Before getting too much into an indepth analysis of which words Sal uses, I thought it would be interesting to see which words he never uses. Clearly there will be many words he has never used in the ~1.8 million words in the subtitles, so I narrowed my search to words that you would expect, based on the "normal" word counts, to appear > 300 times in 1.8 million words.
The most frequent "missing words" are all apostrophed "words", such as 's, 'll, 've, which don't show up in my counts because of how I've defined words (so maybe I should redefine them to be consistent). Below are some of the most frequent words that Sal never says in the videos in my analysis.
The most frequent real word that Sal never says in the subtitles I have is "American", which I admit I found quite surprising. However, I double-checked, and it seems to be true. He uses the word 'Americans' and 'German-American', but never plain 'American'. I actually find this quite pleasing, as the lesson are supposed to be for anyone in the world and maths and the sciences should be the same everywhere. If the Finance and History lessons were included then Sal will undoubtably use the word 'American'. Also in the top ten "missing words" is the word 'America'.

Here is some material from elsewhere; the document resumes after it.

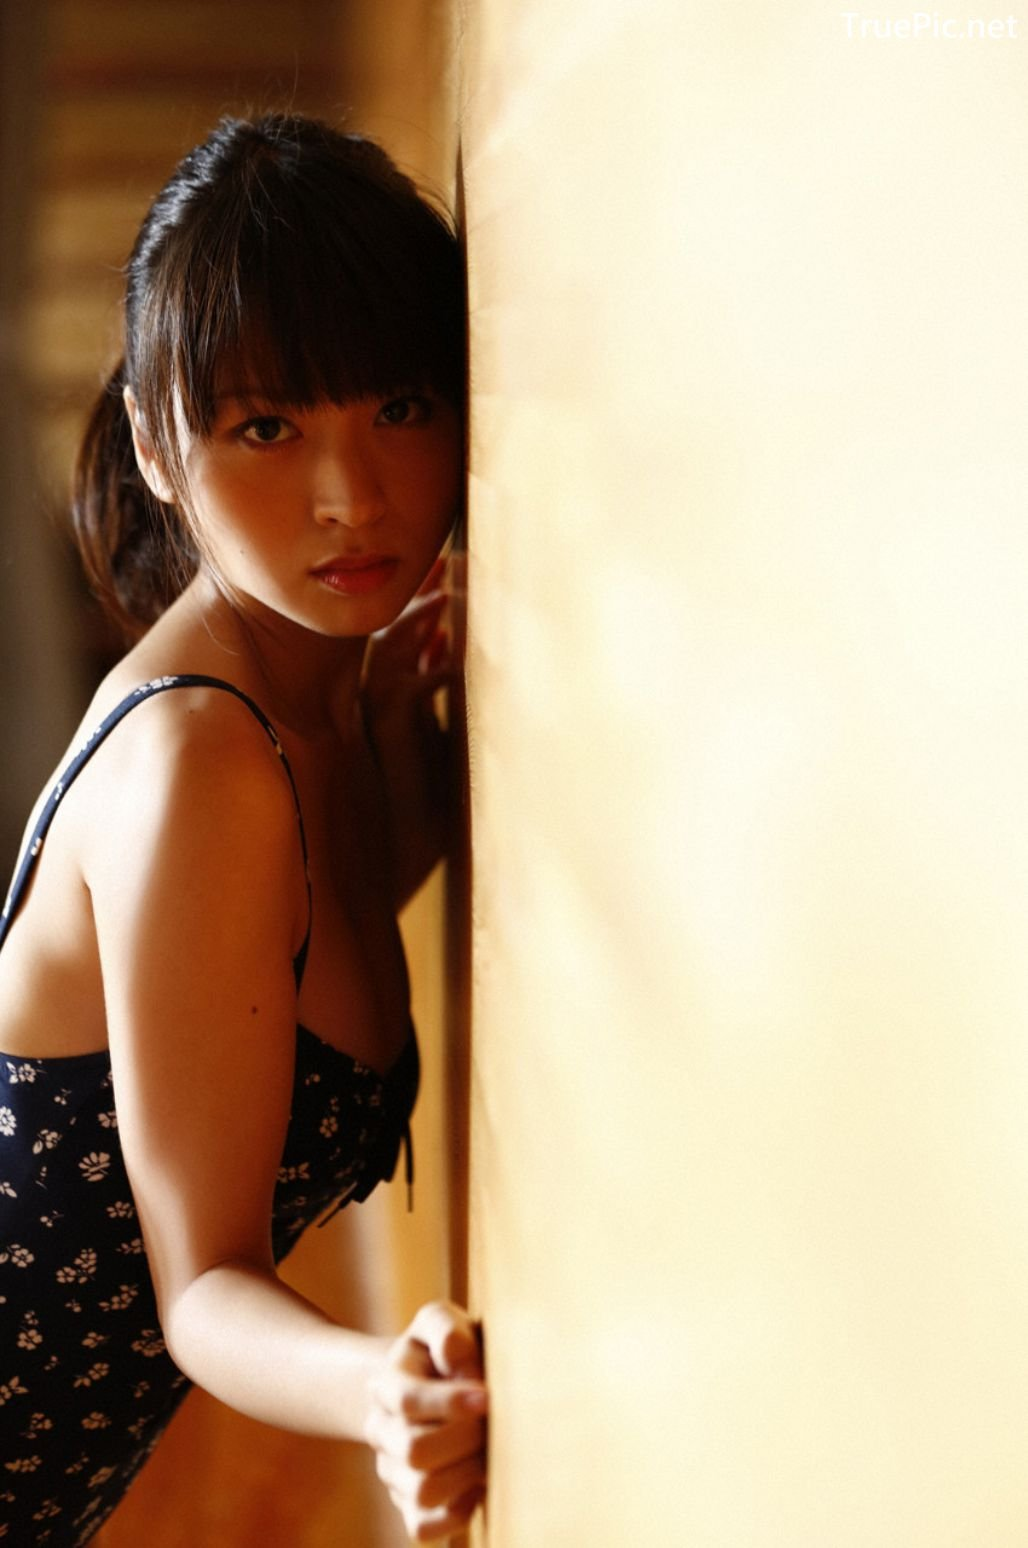 Image-Japanese-Gravure-Idol-Mio-Otani-Photos-Purity-Miss-Magazine-TruePic.net- Picture-2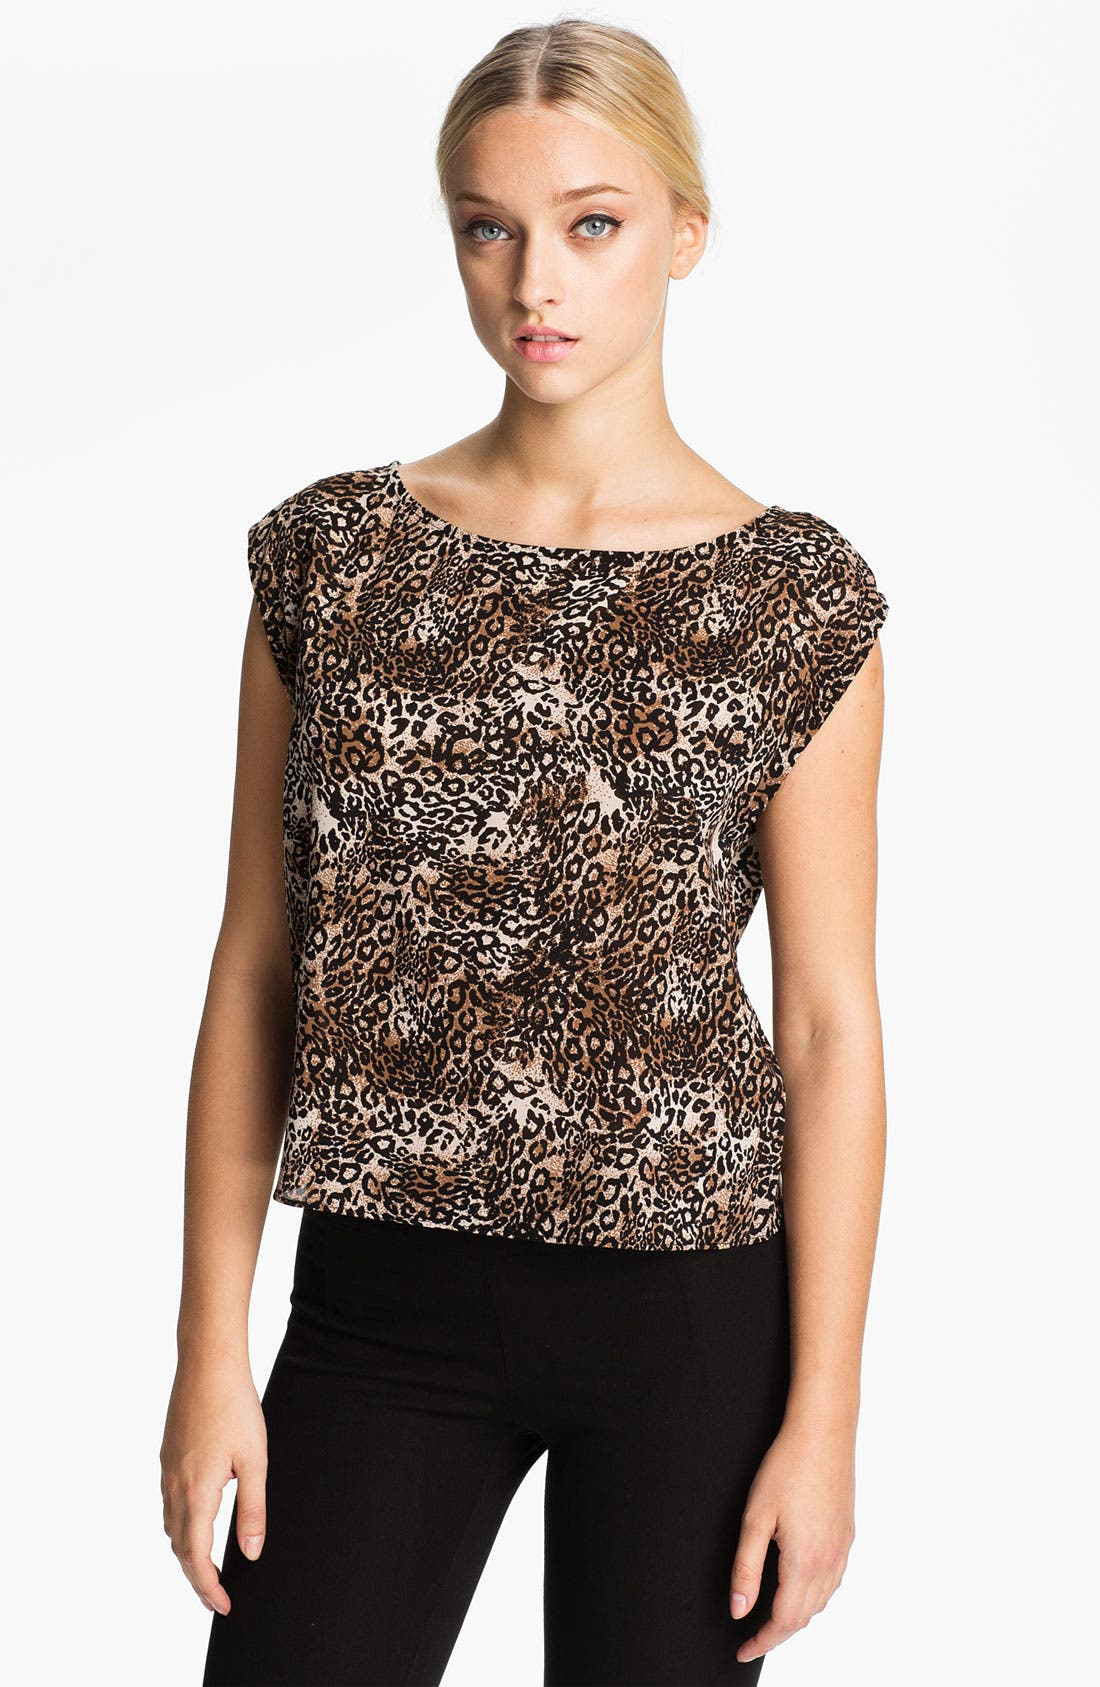 Alternate Image 1 Selected - Alice + Olivia 'Kinsley' Cheetah Print Top

Many of the missing word are also highly context-specific, such as 'Bush', 'York', 'economic' and 'police'. However, one word that didn't follow this pattern was 'among' as it is a fairly every-day word. But I searched the captions, and indeed, Sal only ever uses the word 'amongst' (14 times as it happens), which is a valid alternative, though sometimes considered old-fashioned. This raises the possibility of identifying Sal-impersonators. Presumably it should be possible to generate a word-frequency fingerprint for everyone and see how likely a given piece of text was written by him or her. I'm definitely curious to see what my fingerprint would look like.

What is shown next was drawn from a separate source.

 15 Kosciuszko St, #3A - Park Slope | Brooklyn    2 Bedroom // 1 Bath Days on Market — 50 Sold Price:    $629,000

Another word that I found curious was 'qwq', which I initially took as a mistake in the table as I've never seen the "word" before. But according to Urban Dictionary, qwq is analogous to lol. Thank goodness Sal doens't use either. It does make me wonder where this list of contemporary American English comes from. I suspect it involves at lot of text from the web (which makes sense as it's easy to gather). Other slightly confusing words are 'san' (the Japanese suffix name suffix maybe), and 'wo', which I guess is an exclamation.
 Davies, Mark. (2011) Word frequency data from the Corpus of Contemporary American English (COCA).